Assignment: Give all of the data below again exactly, and drop the images.
BEGIN Data block
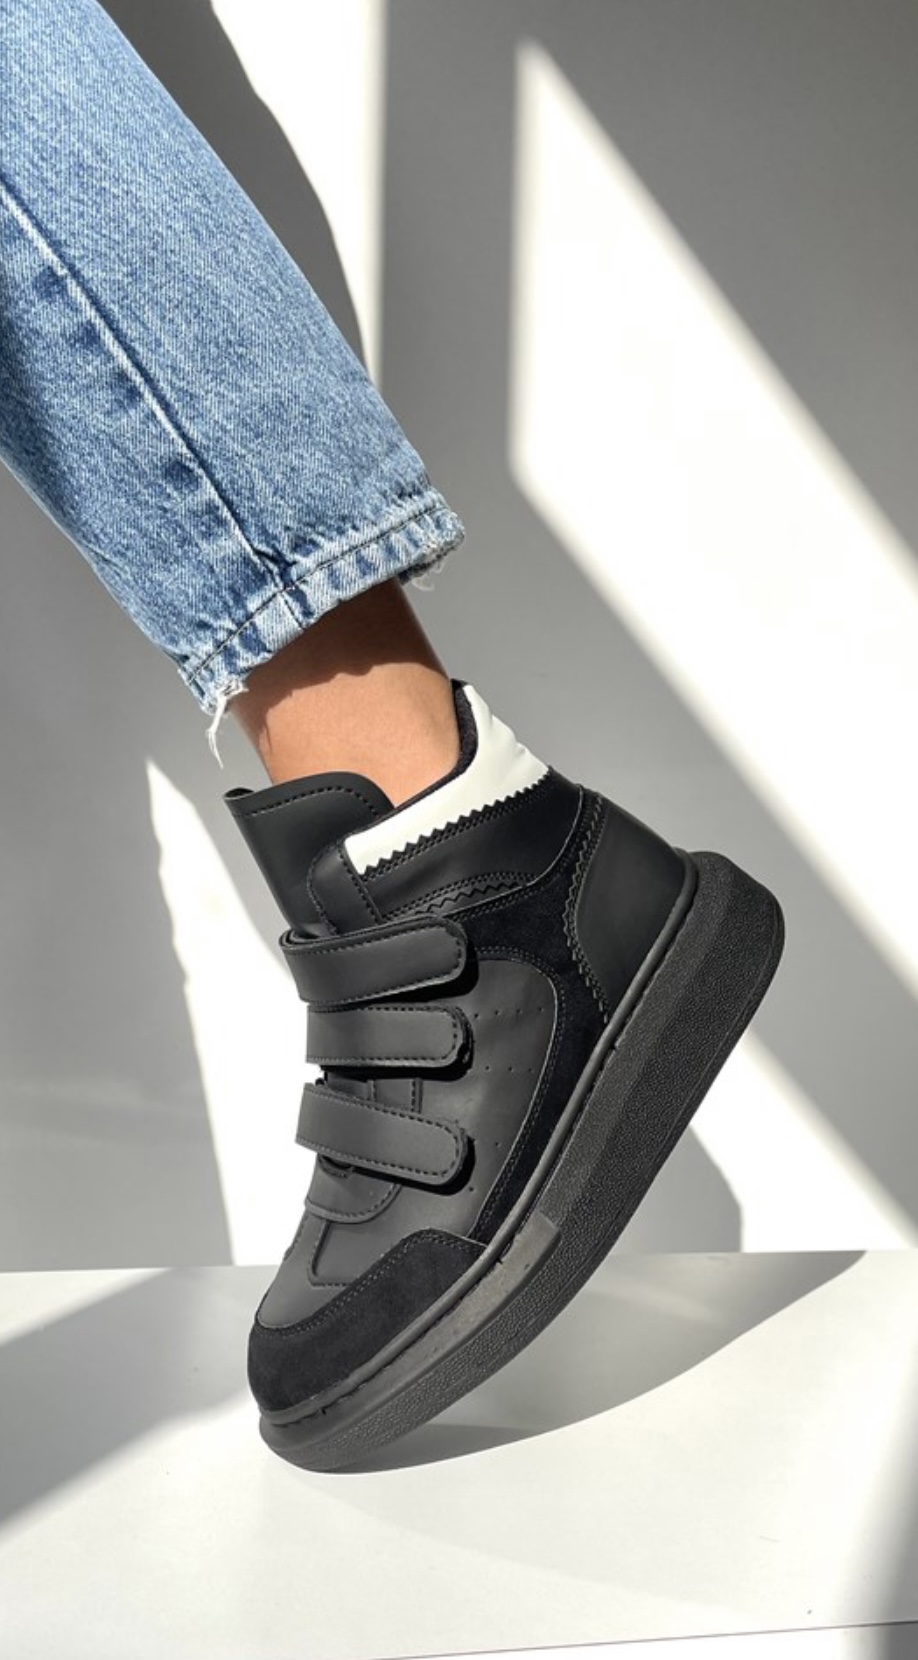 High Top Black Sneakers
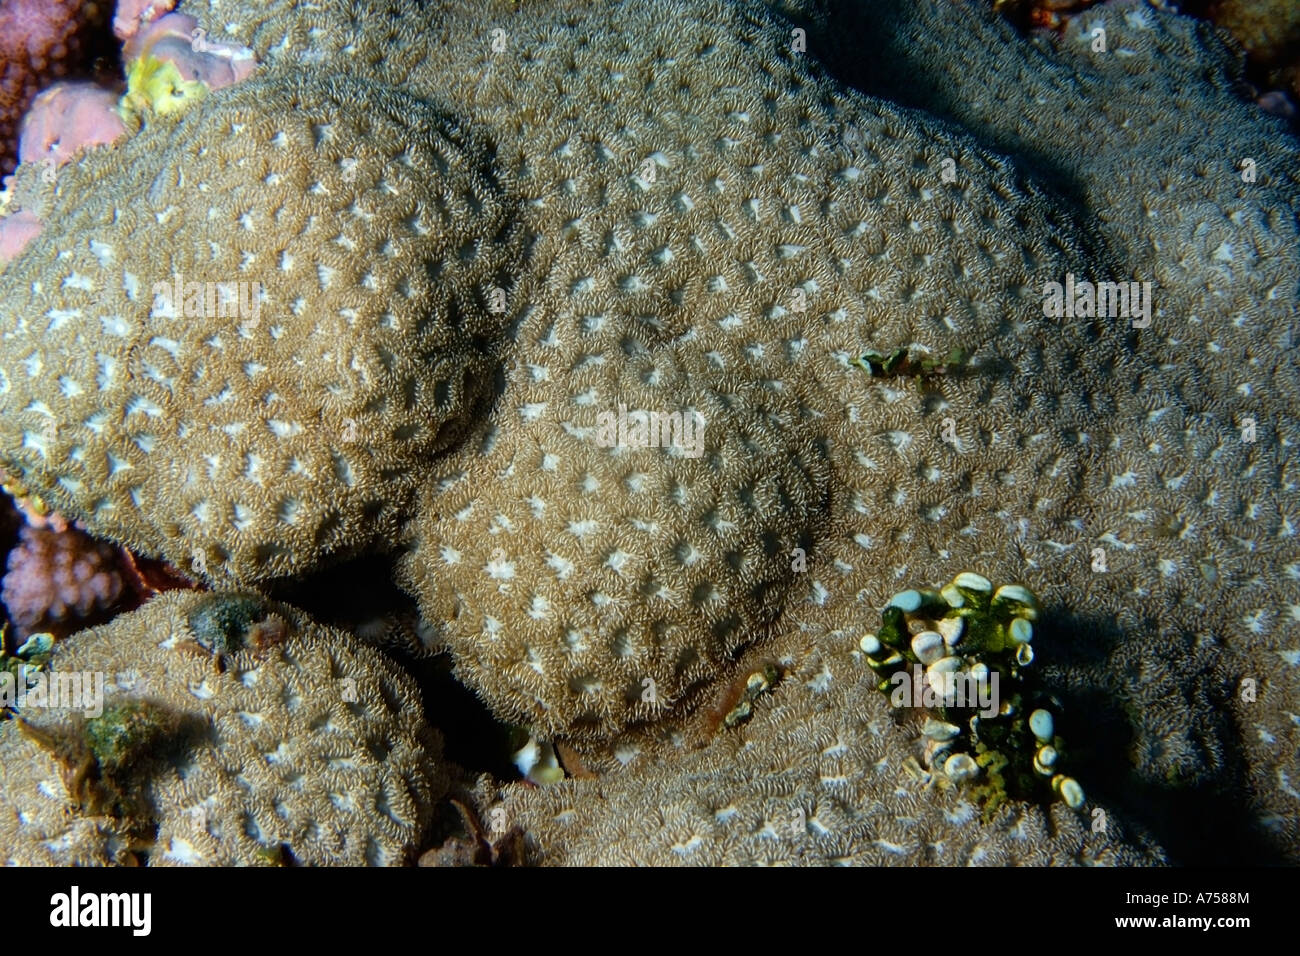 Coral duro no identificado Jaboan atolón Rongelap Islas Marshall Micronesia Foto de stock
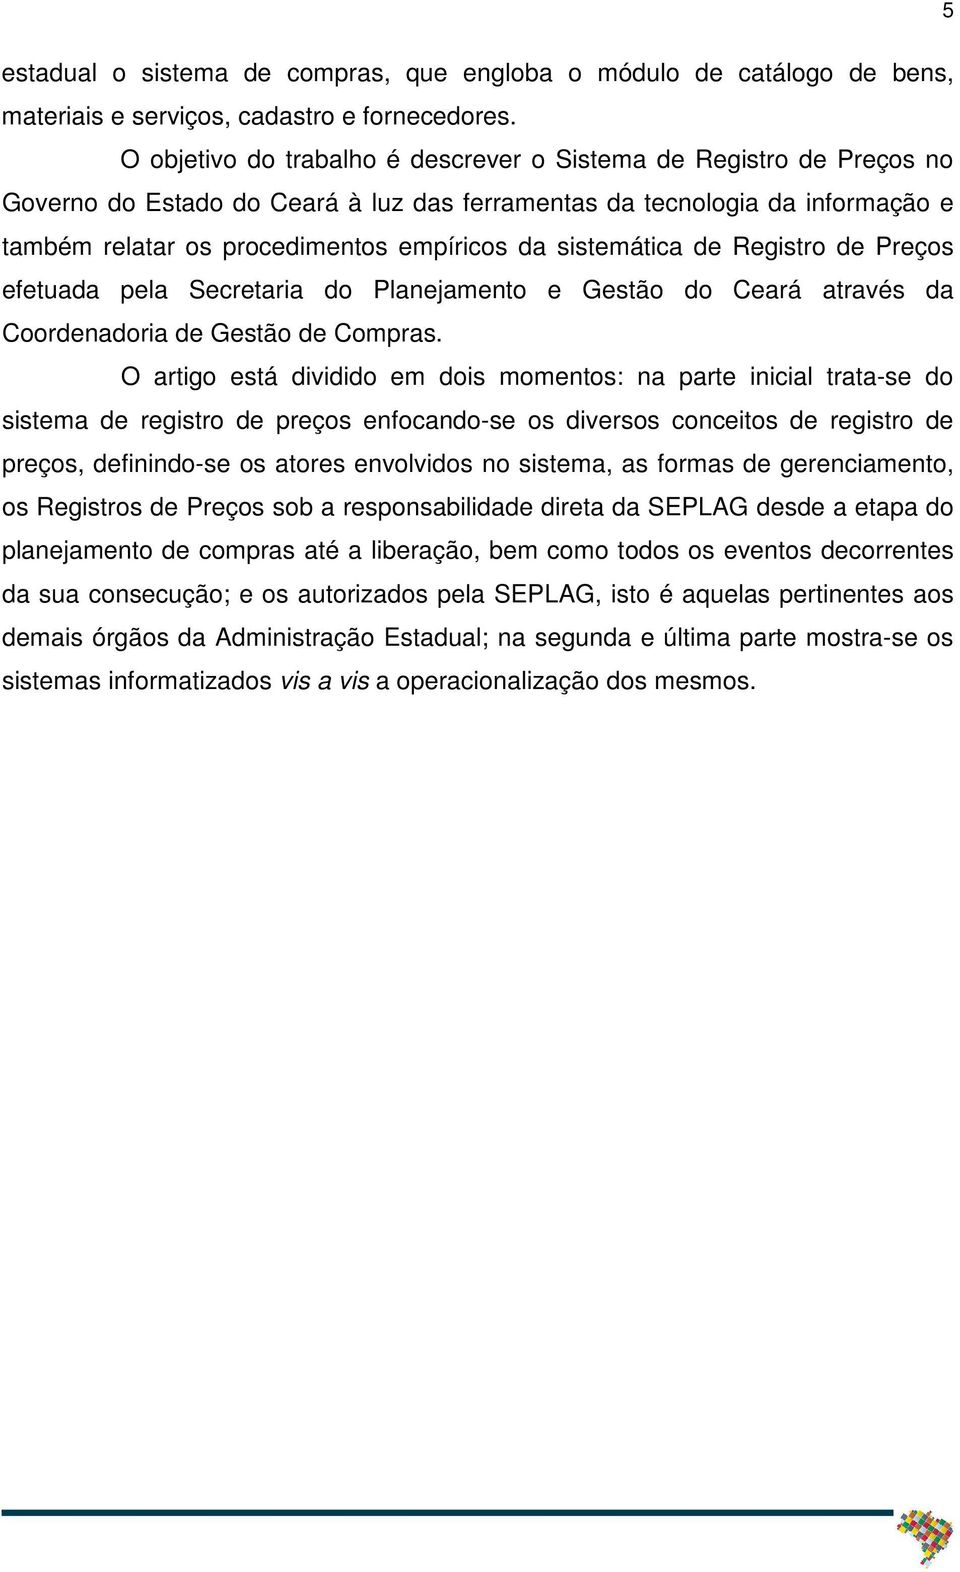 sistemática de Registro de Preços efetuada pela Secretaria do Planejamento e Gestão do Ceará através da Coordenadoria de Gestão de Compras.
END Data block
Task output:
 High Top Black Sneakers
 Coral duro no identificado Jaboan atolón Rongelap Islas Marshall Micronesia Foto de stock
 sistemática de Registro de Preços efetuada pela Secretaria do Planejamento e Gestão do Ceará através da Coordenadoria de Gestão de Compras.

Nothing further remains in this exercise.